§ SUPPLIED INFORMATION
- Opening Delimiter -

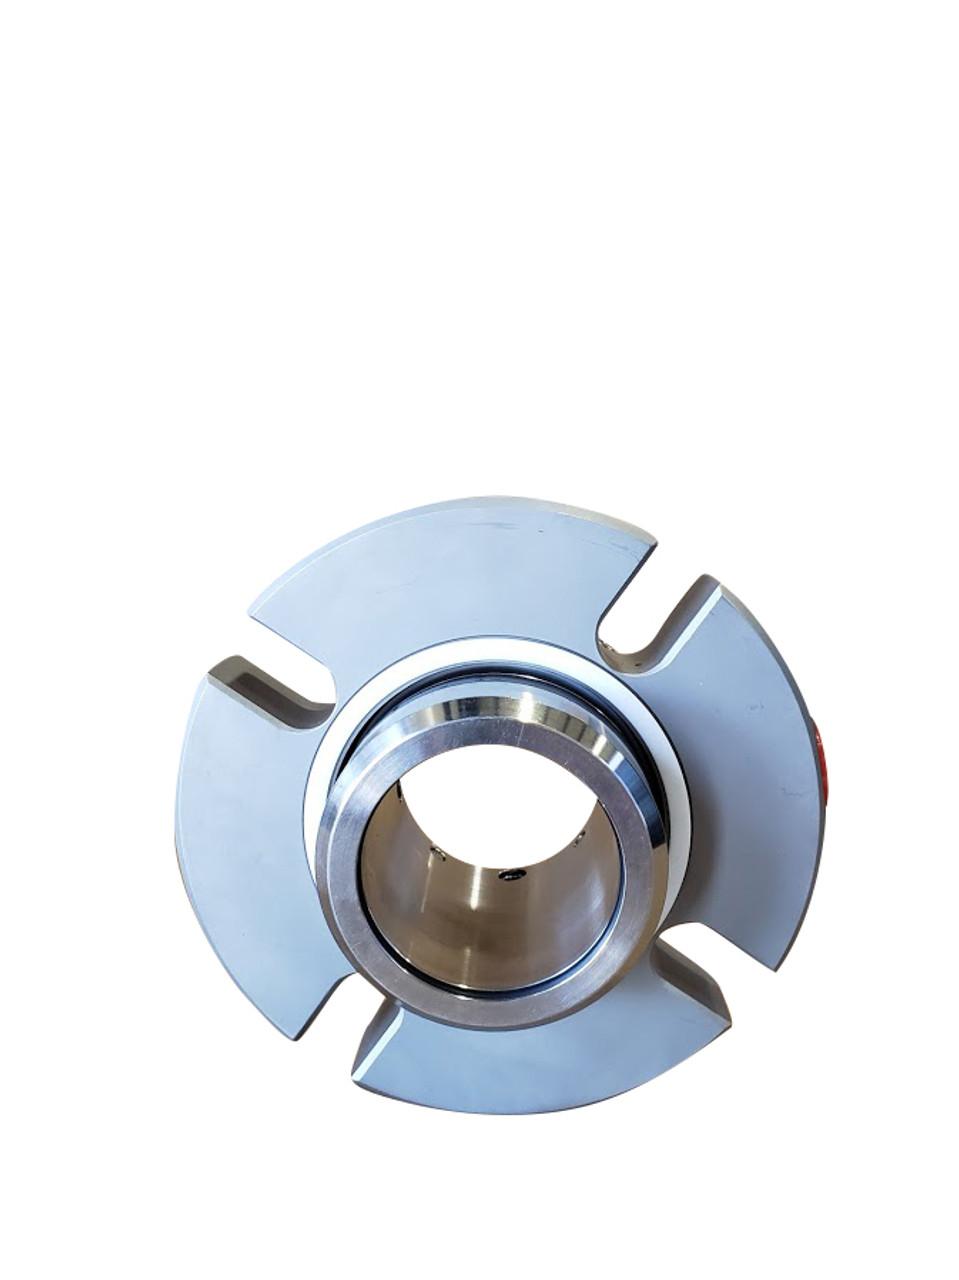 "1.875"", Mechanical Seal, Multiple Spring Cartridge, Silicon Carbide, STD. Bore"
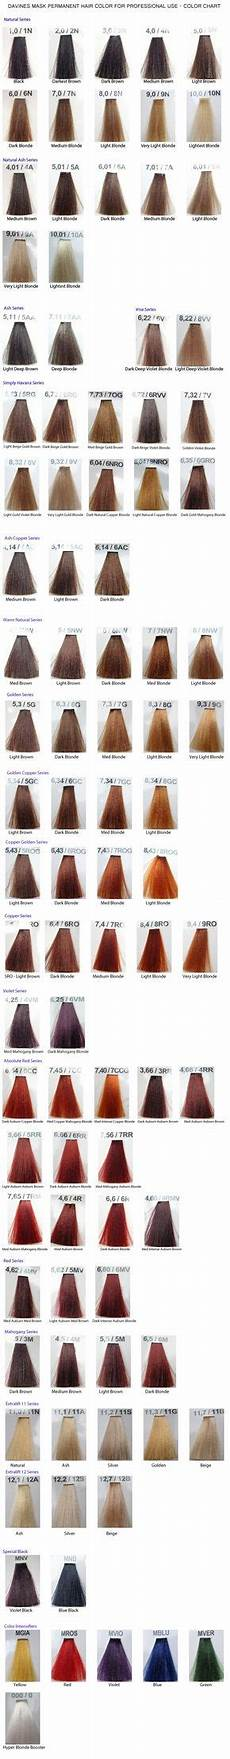 Davines Mask Colour Chart Davines Mask Color Chart Color Chart Colored Hair Tips
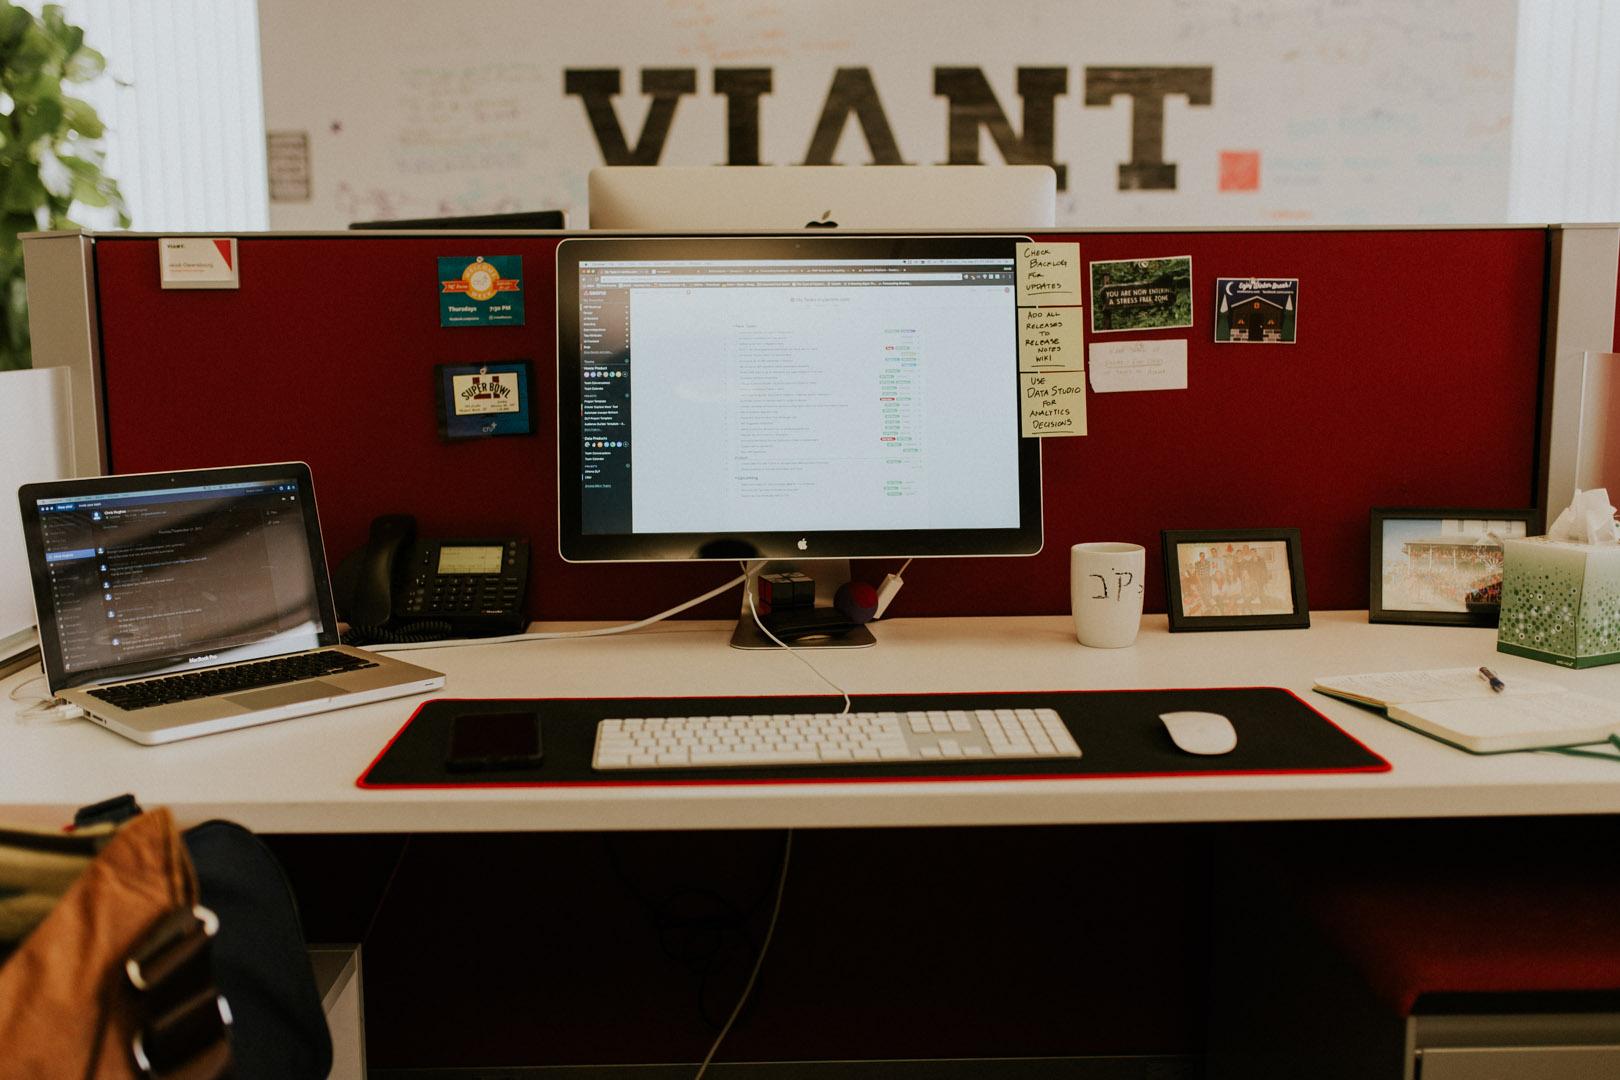 Viant-002.jpg
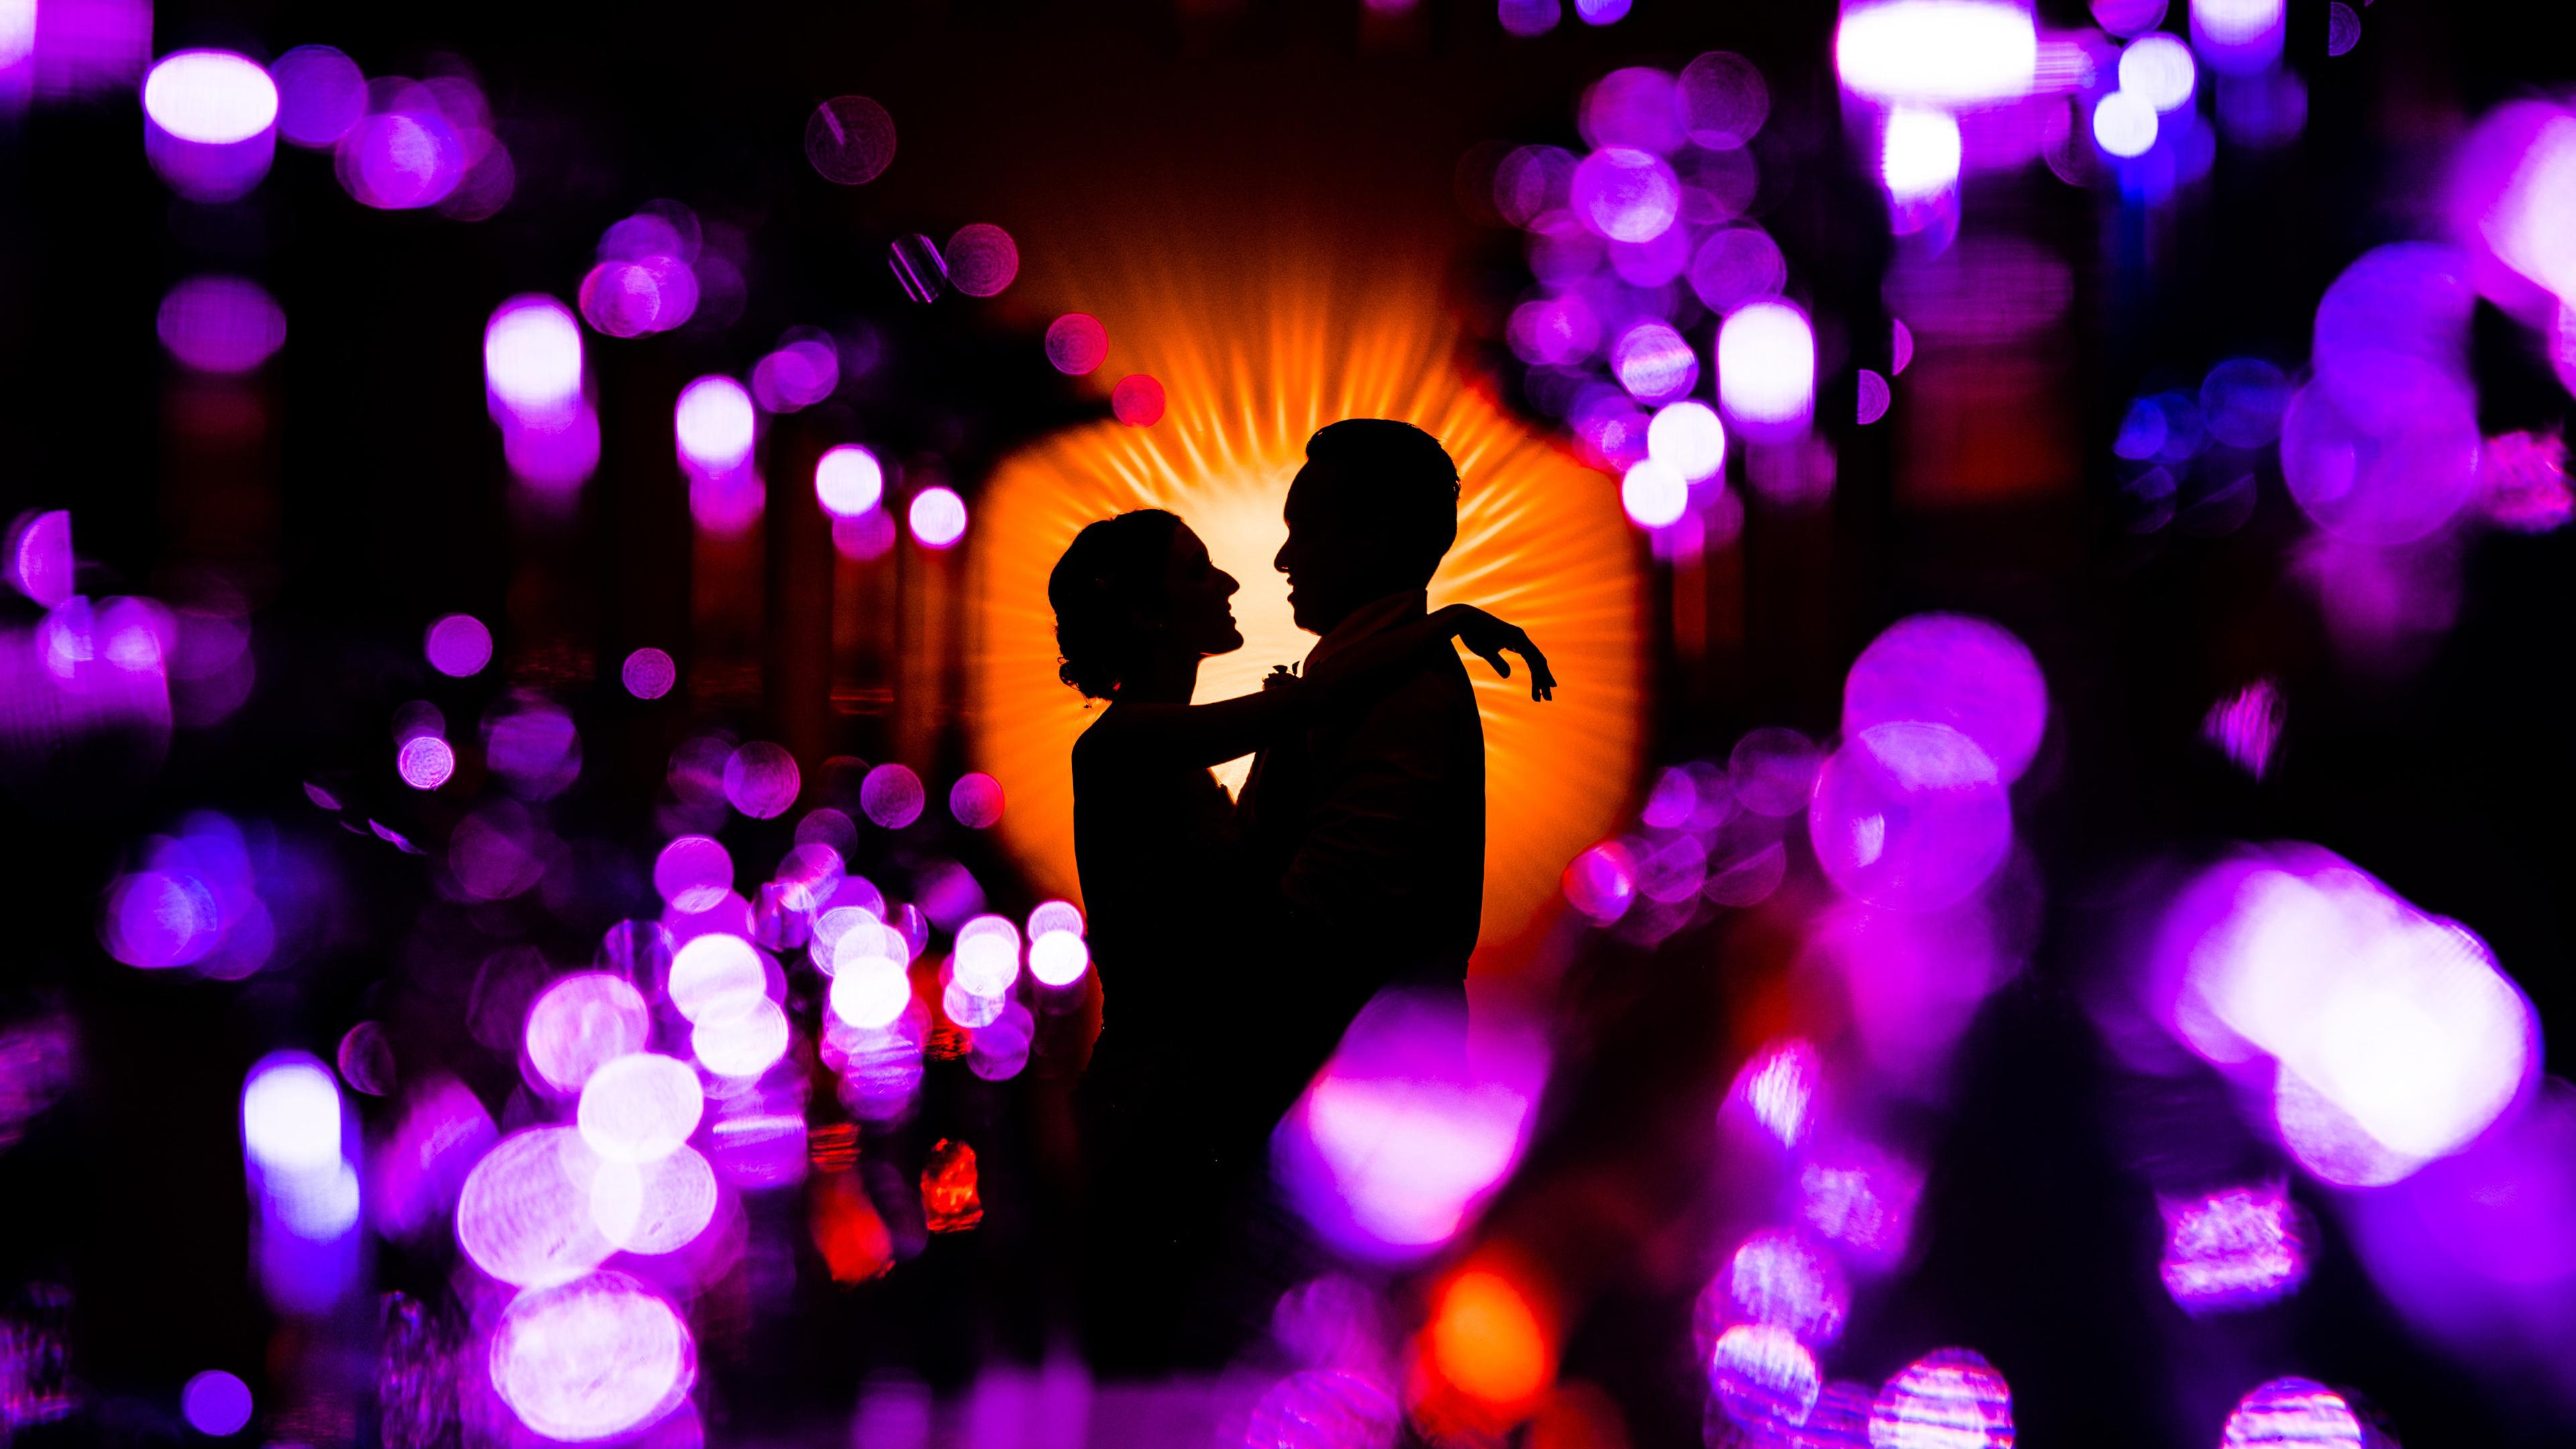 couple-love-silhouette-uk.jpg

- Closing Delimiter -

§ WORK REQUEST
The data must come back word for word, with every picture removed.

§ RESPONSE BOX
 "1.875"", Mechanical Seal, Multiple Spring Cartridge, Silicon Carbide, STD. Bore"
 Davines Mask Colour Chart Davines Mask Color Chart Color Chart Colored Hair Tips
 Viant-002.jpg
 couple-love-silhouette-uk.jpg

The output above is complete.